After importing your initial dataset into Amazon SageMaker Canvas, you might have additional data that you want to add to your dataset. For example, you might get inventory data at the end of every week that you want to add to your dataset. Instead of importing your data multiple times, you can update your existing dataset and add or remove files from it.

Note

You can only update datasets that you have imported through local upload or Amazon S3.

You can update your dataset either manually or automatically. For more information about automatic dataset updates, see Configure automatic updates for a dataset.

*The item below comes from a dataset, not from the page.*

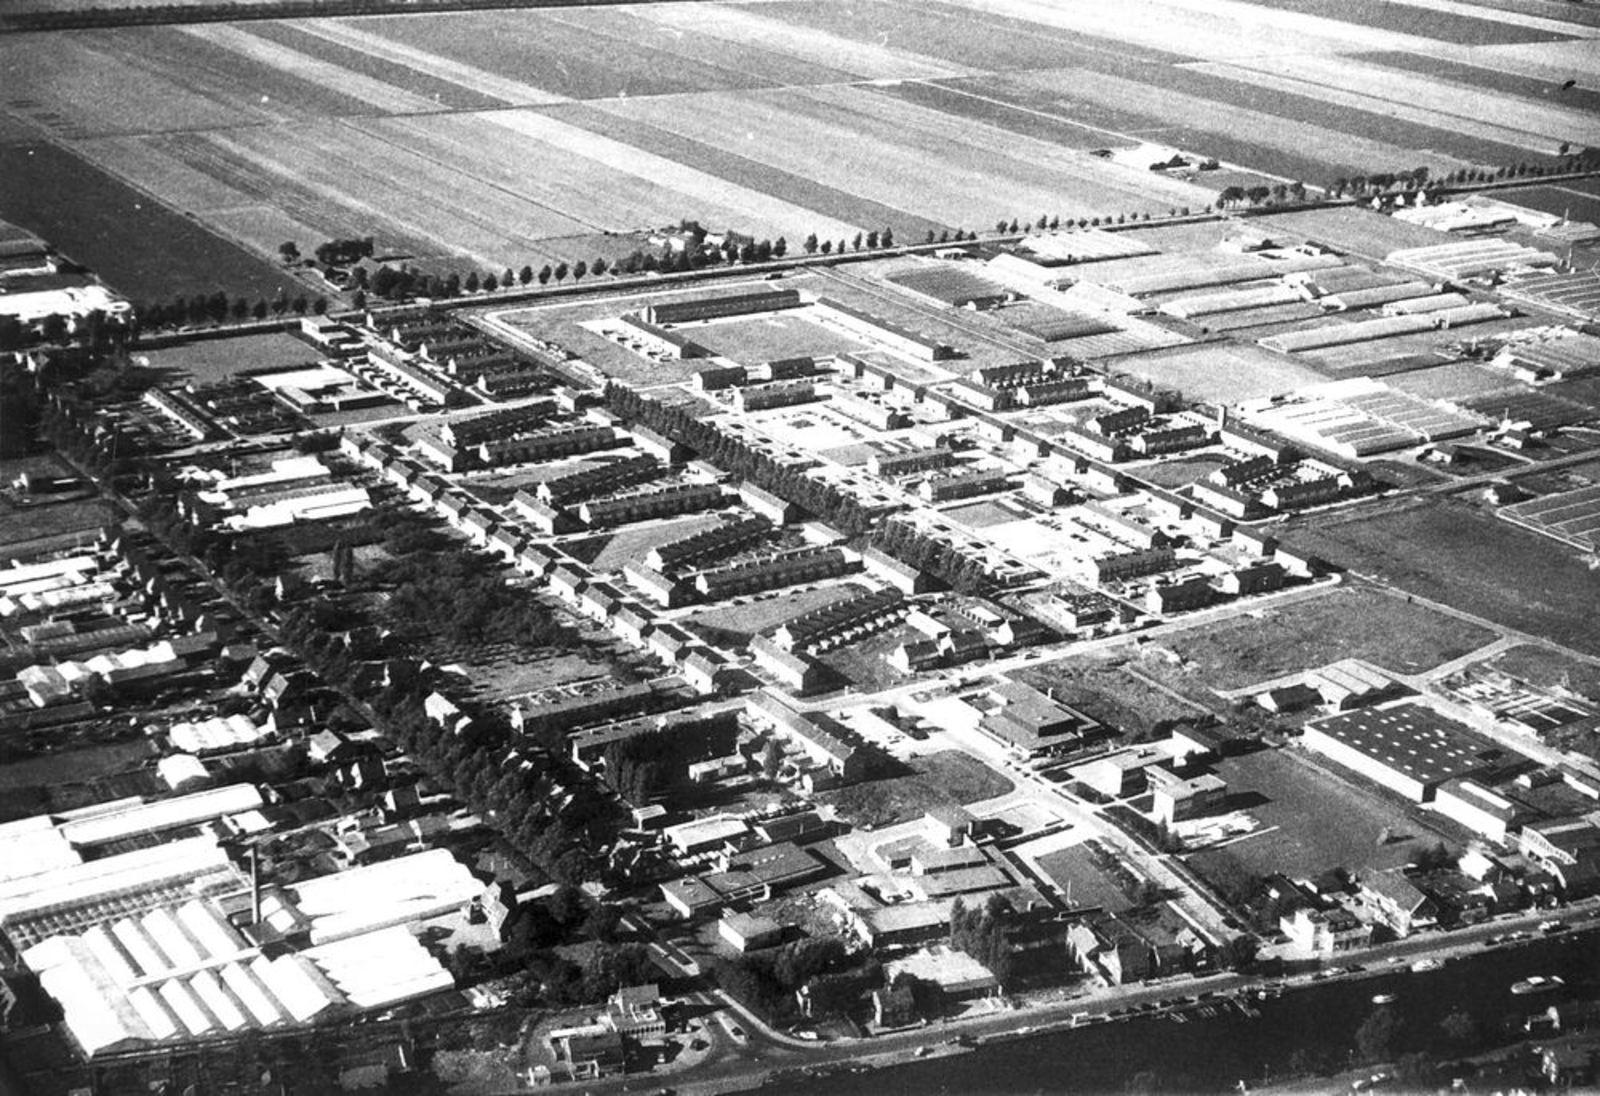 Rijsenhout 1970 Luchtfoto

Every time you update your dataset, Canvas creates a new version of your dataset. You can only use the latest version of your dataset to build a model or generate predictions. For more information about viewing the version history of your dataset, see View your dataset details.

You can also use dataset updates with automated batch predictions, which starts a batch prediction job whenever you update your dataset. For more information, see Batch predictions in SageMaker Canvas.

The following section describes how to do manual updates to your dataset.

Manually update a dataset

To do a manual update, do the following:

  1. Open the SageMaker Canvas application.

  2. In the left navigation pane, choose Datasets.

  3. From the list of datasets, choose the dataset you want to update.

  4. Choose the Update dataset dropdown menu and choose Manual update. You are taken to the import data workflow.

  5. From the Data source dropdown menu, choose either Local upload or Amazon S3.

  6. The page shows you a preview of your data. From here, you can add or remove files from the dataset. If you’re importing tabular data, the schema of the new files (column names and data types) must match the schema of the existing files. Additionally, your new files must not exceed the maximum dataset size or file size. For more information about these limitations, see Import a dataset.

    Note

    If you add a file with the same name as an existing file in your dataset, the new file overwrites the old version of the file.

  7. When you’re ready to save your changes, choose Update dataset.

You should now have a new version of your dataset.

On the Datasets page, you can choose the Version history tab to see all of the versions of your dataset and the history of both manual and automatic updates you’ve made.